Happy is poised to win. But after Donald, Shooter's heckling buddy, drives a car into Happy and damages his shoulder, all hope appears lost. His momentum is gone. He's haunted -- in his dreams, Happy sees Shooter bedding his girlfriend and tonguing Grandma Gilmore in her Kiss mask.
Happy is beaten. Shooter is in line to win. The gold jacket is all but his -- 44 long, with the right arm that's a little bit longer than his left.
Obviously, Happy makes a furious comeback (the movie isn't called "Shooter McGavin") but even in defeat, Shooter isn't ready to give up the gold jacket he believes is rightfully his, leading him to receive the beatdown the audience has been awaiting for most of the movie.
Shooter has been one of my favorite movie characters ever since I first watched "Happy Gilmore," and as a result, I came to appreciate McDonald, too. So much so that, during the late 1990s or early 2000s, I sent a letter to him in the mail. He sent me back a signed headshot and an autographed promo photo, and inscribed it.
To Danny, Best wishes and thanks, Christopher McDonald "Shooter"
I came across the picture recently when going through my childhood belongings.
In the years since I received the signed photo, the legend of Shooter McGavin has taken on new life. The Twitter account @ShooterMcGavin_ is a chance to celebrate all things Shooter.
Any great movie villain is defined by the memes, and Shooter has lots of them. This one of him celebrating after sinking a putt is the best.
Earlier this year, a video challenge featured Sandler and McDonald as their iconic characters.

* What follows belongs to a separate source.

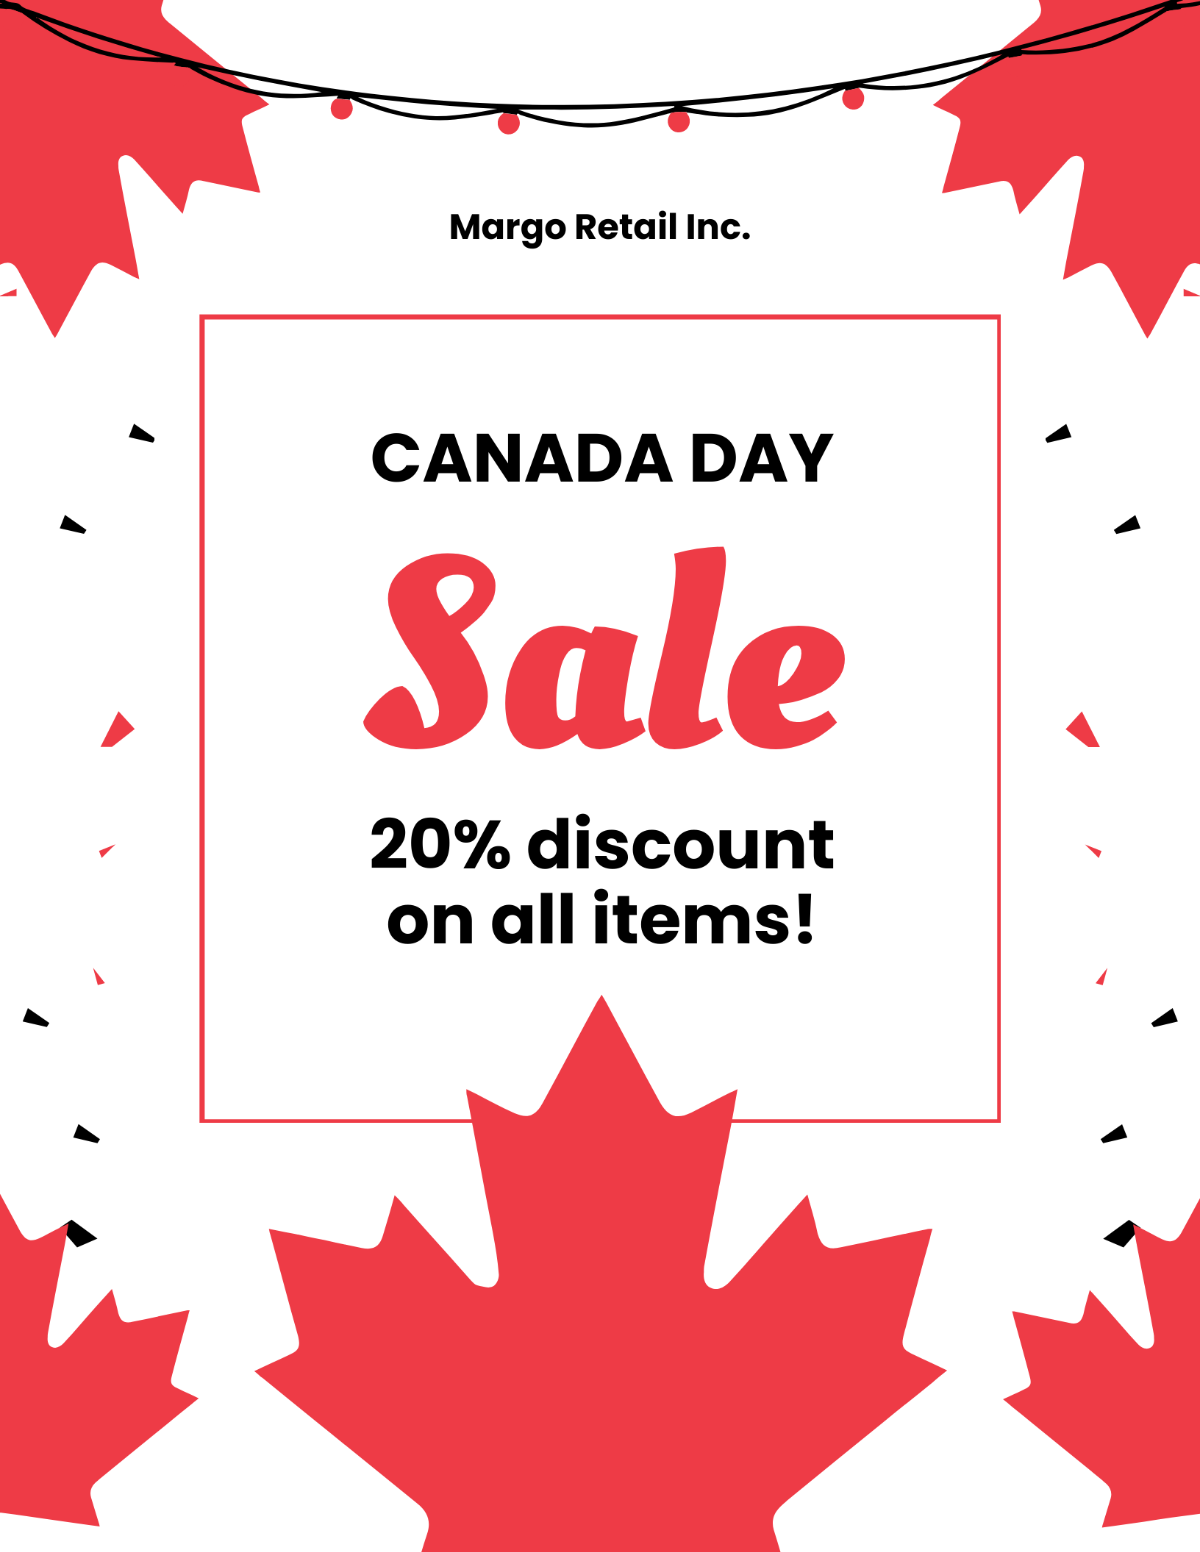 Canada Day Retail Sale Flyer Template

Sandler sets up the camera and takes his swing as Happy Gilmore one more time.
"Shooter McGavin, this one's for you," he says as he prepares to blast a drive into orbit.
"You're dead, Shooter."
The video cuts to McDonald as McGavin, indoors.
"Nice drive, Gilmore. Twenty-five years, huh? Let's see if it's Shooter's tour," he says as he putts into a cup across the carpet. "Oh yeah. It's all about the short game. Drive for show, putt for the dough. Money. Shooter, still got it."